Auf schadhafte Betonschwellen als mutmaßlichen Auslöser des Unfalls hatte ein Jahr nach dem Unglück auch die Bundesstelle für Eisenbahn-Unfalluntersuchung in einem Zwischenbericht verwiesen. In dem Bericht heißt es, ein "Mangel am Oberbau", also an der Schienentrasse, sei "primär ursächlich" gewesen. Gegen die Herstellerfirma dieser Betonschwellen hegt die Staatsanwaltschaft München II auch weiterhin keinen Verdacht auf Gesetzesverstöße. Hier gibt es keine Ermittlungen.

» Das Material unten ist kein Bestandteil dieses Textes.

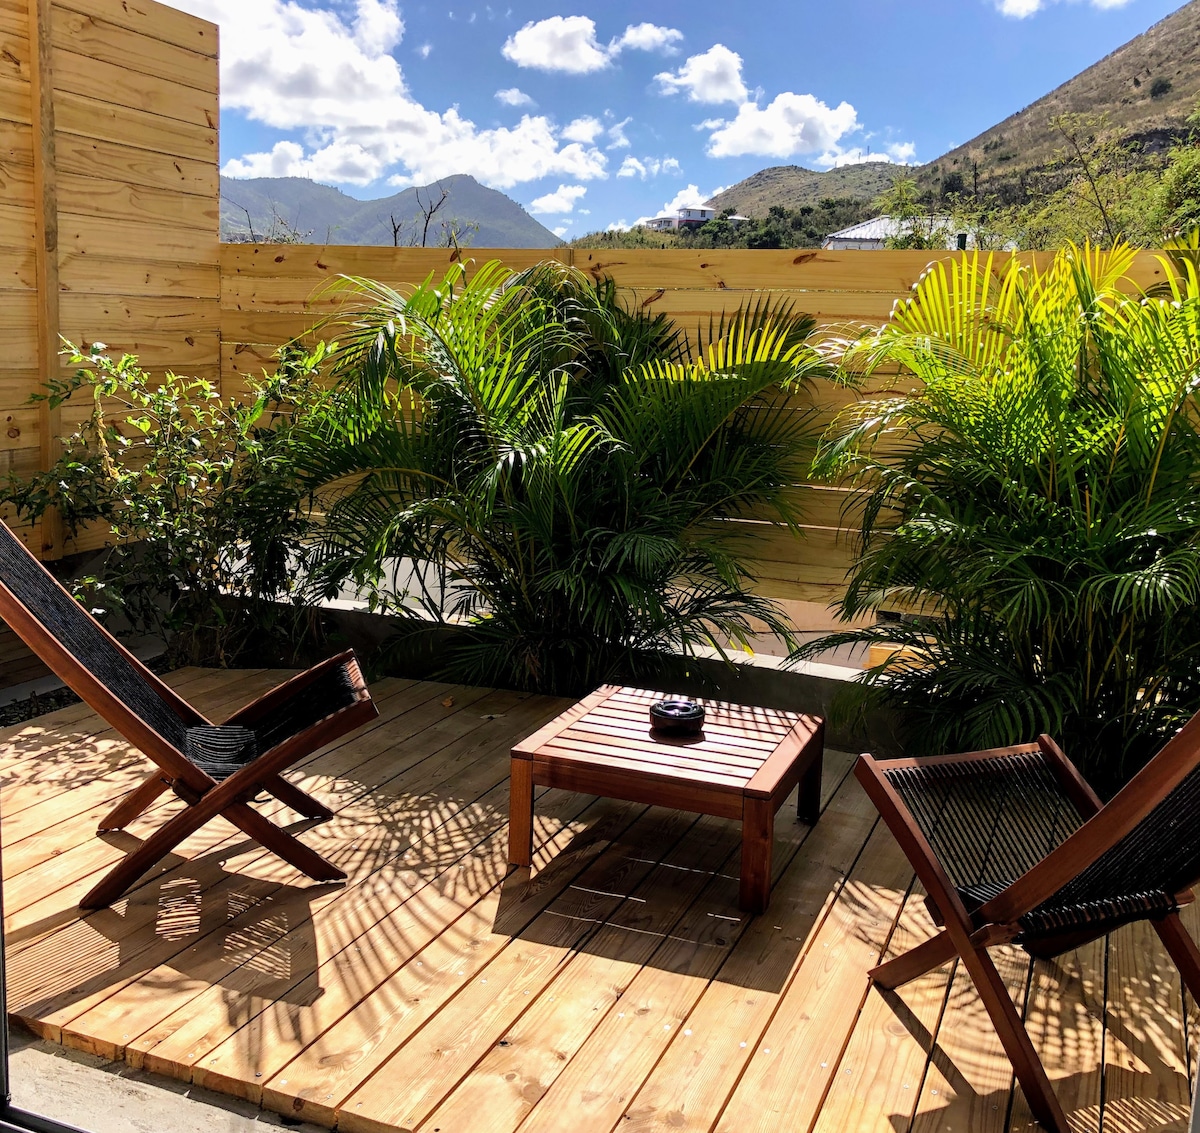 "Villa Jwi Lavi" Boutique Hotel - Terrace Garden Suite with Breakfast included

Nach dem Zugunglück von Burgrain hatte die Deutsche Bahn ihre Strecken in aller Eile genauer untersucht und zunächst zahlreiche sogenannte Langsamfahrstellen eingerichtet, welche die Fahrpläne vielerorts hinfällig werden ließen. Besonders betroffen war das Werdenfelsnetz rund um Garmisch-Partenkirchen. Hier ist die Bahn immer noch weit vom Normalbetrieb entfernt. So ist die schon seit vielen Monaten nicht mehr befahrene Strecke von Garmisch-Partenkirchen nach Mittenwald noch bis mindestens 7. Oktober gesperrt, weil eine marode Stützmauer saniert werden muss.

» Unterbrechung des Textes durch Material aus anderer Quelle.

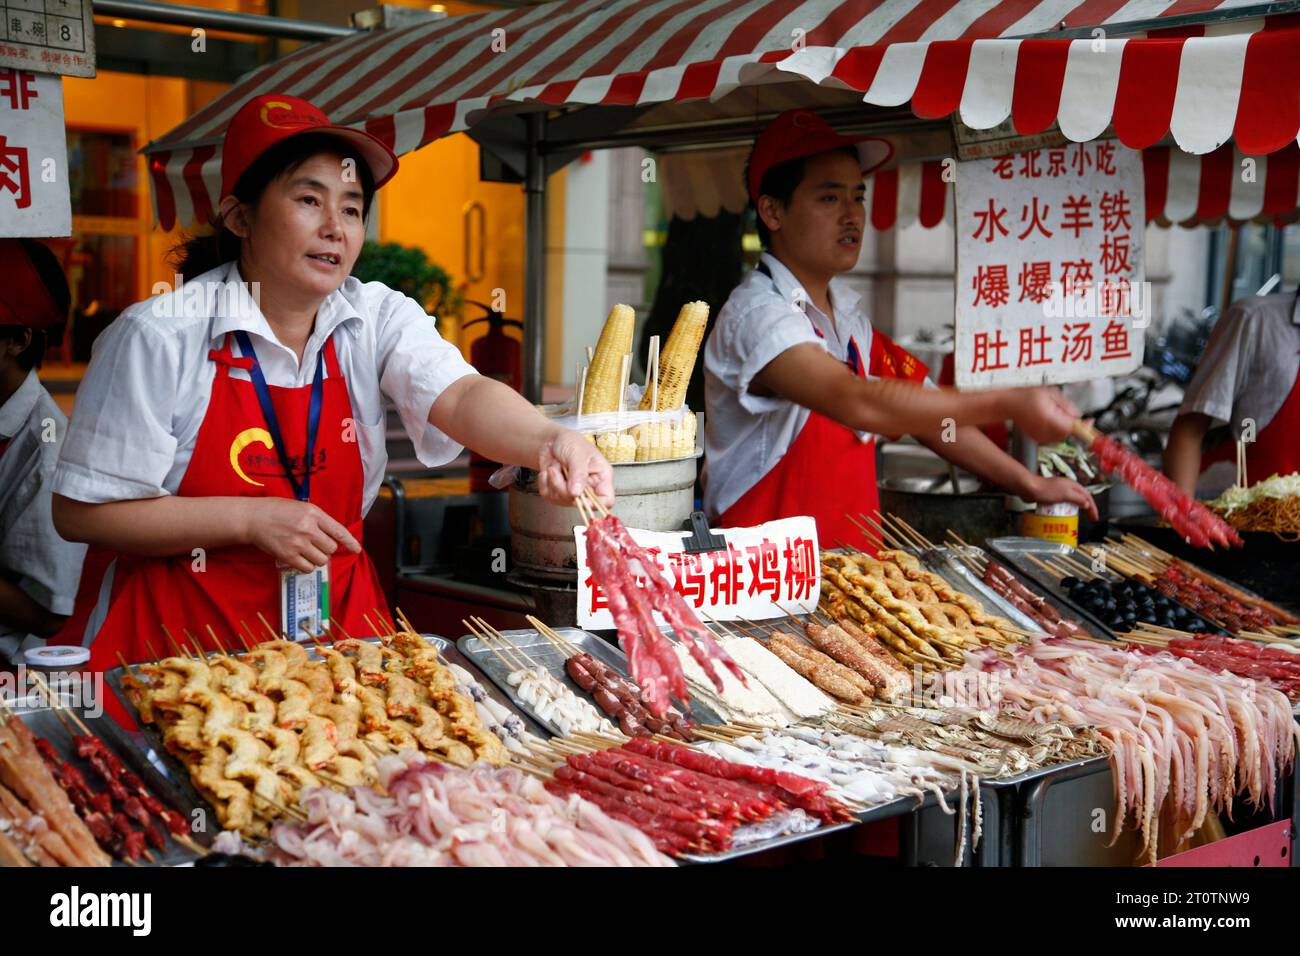 Food stalls at Donganmen food market, near Wangfuging Dajie, Beijing, China. Stock Photo

Auch der Zugverkehr von Mittenwald weiter nach Seefeld in Tirol und Innsbruck ist seit mehreren Tagen unterbrochen, weil nach einem Unwetter auf österreichischer Seite bei Scharnitz eine Mure die Gleise verschüttet hat. Auf der Strecke von Garmisch-Partenkirchen über Reutte nach Pfronten bauen die Österreichischen Bundesbahnen, weshalb hier voraussichtlich bis 5. Oktober ebenfalls keine Züge fahren.